**PROBLEM TO WORK ON:** Output exactly, and only, the stretch of lines beginning at the line with "Macroeconomic Consequences of" and ending at the last line of the listing below. Drop the pictures.

**MATERIAL PROVIDED:**
◆ ◆ ◆ ◆ ◆

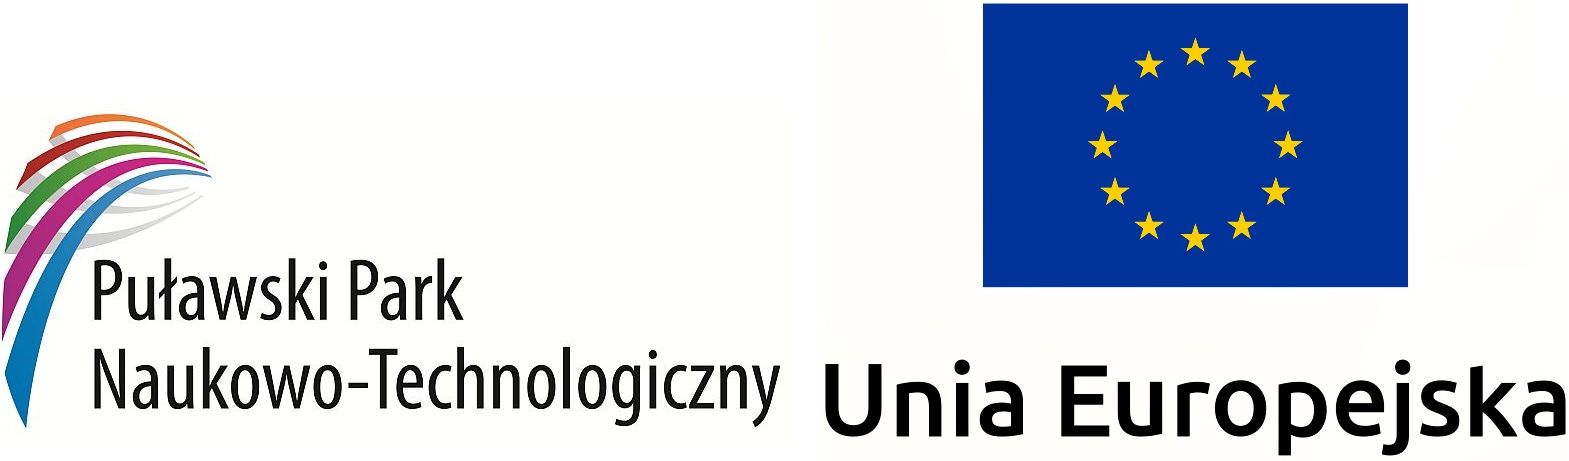 logoppnt+logo_UE_rgb-1
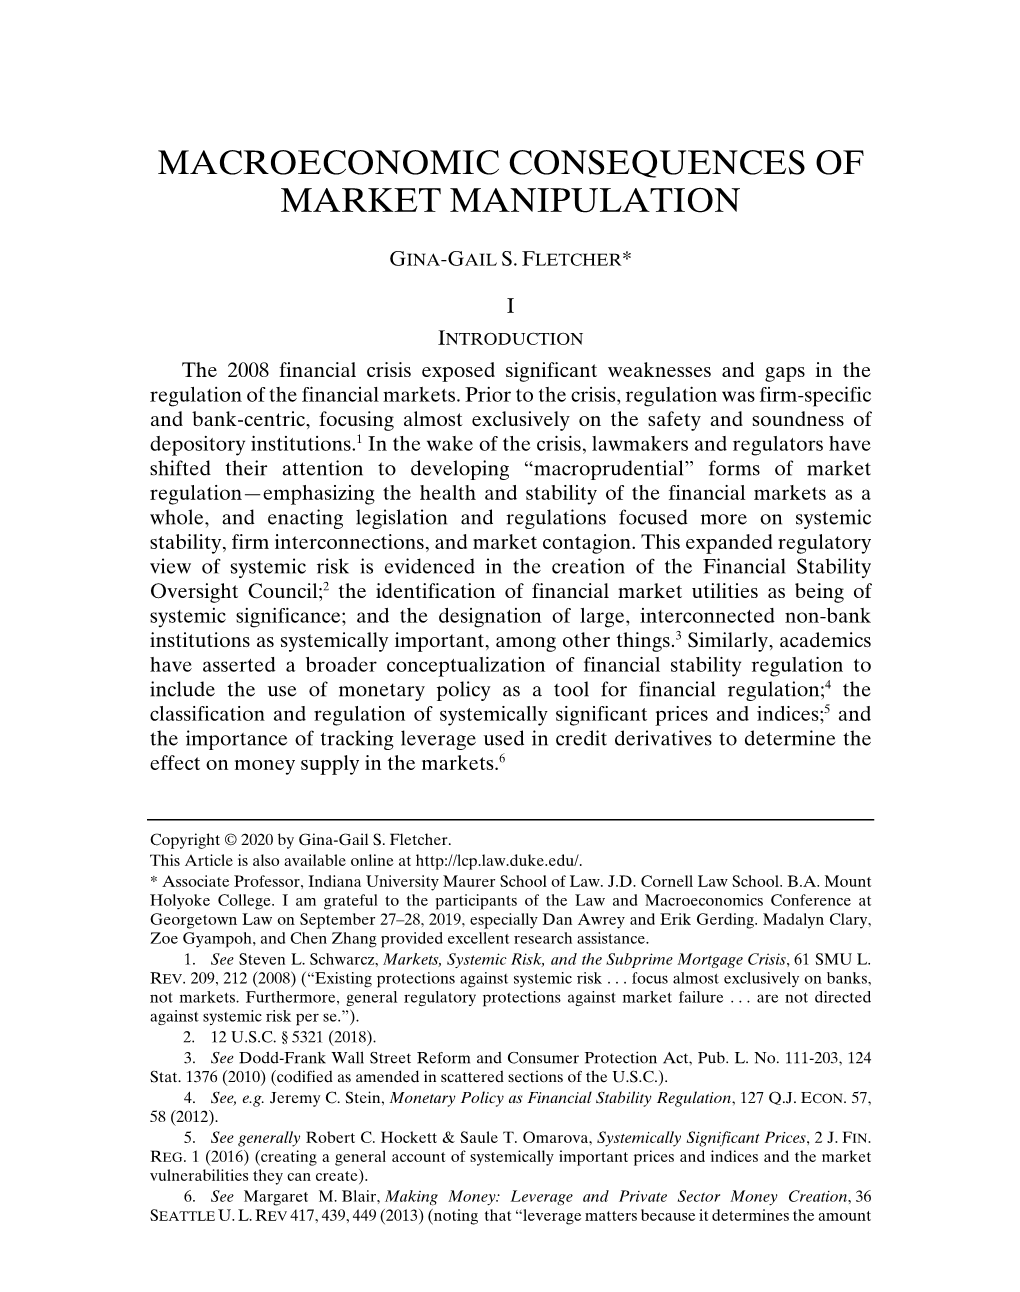 Macroeconomic Consequences of Market Manipulation
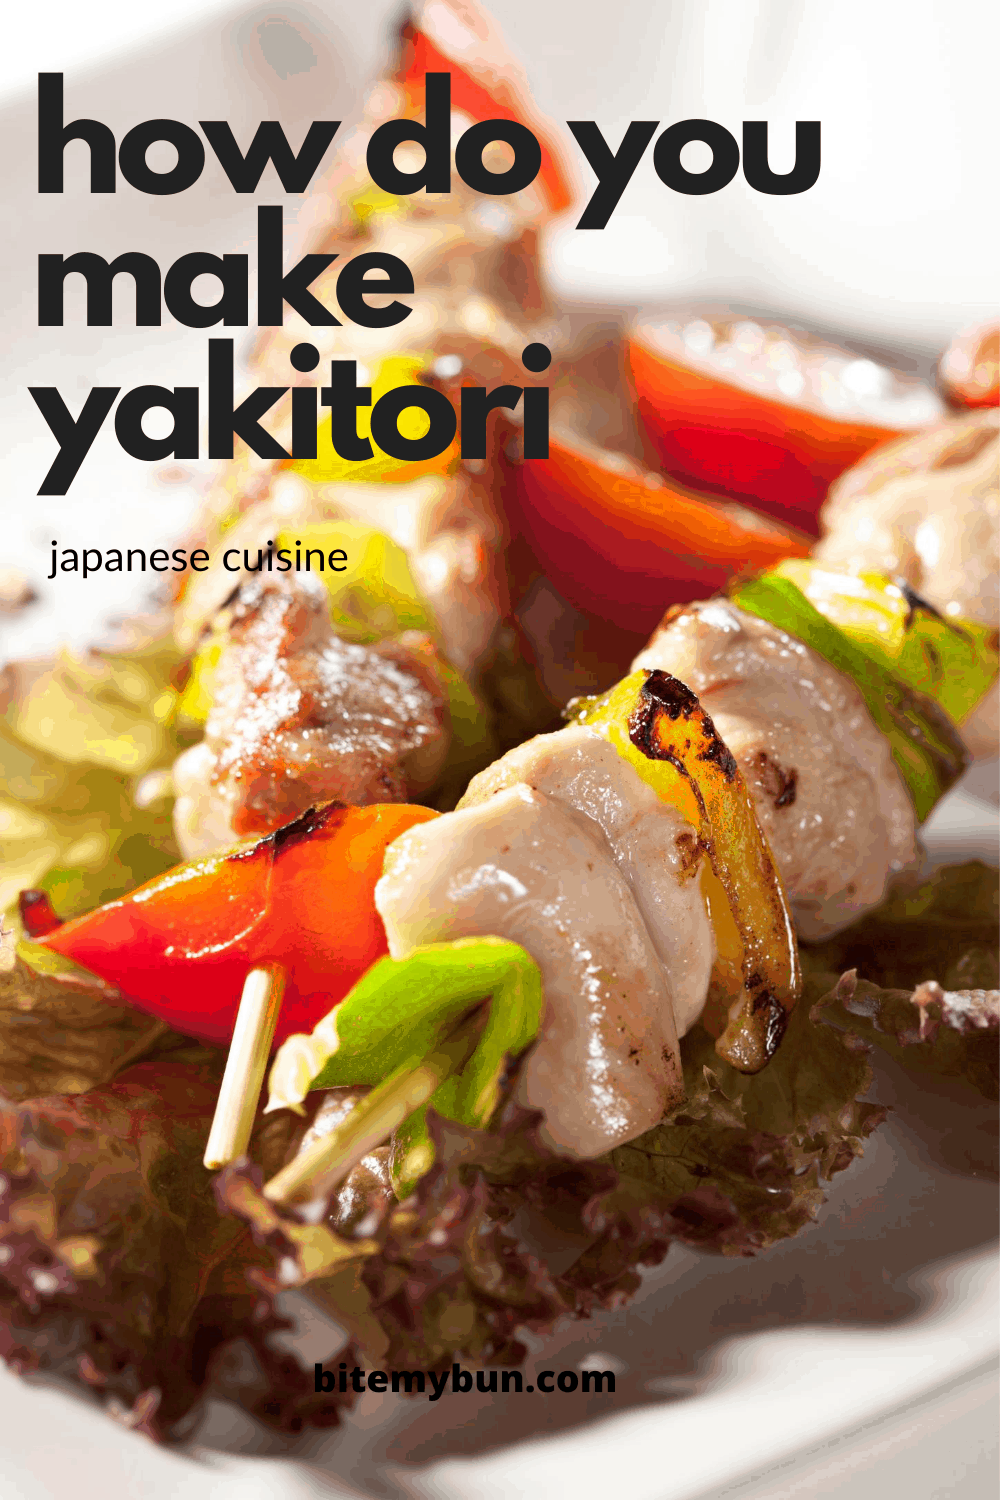 How do you make yakitori

◆ ◆ ◆ ◆ ◆

**OUTPUT:**
 Macroeconomic Consequences of Market Manipulation
 How do you make yakitori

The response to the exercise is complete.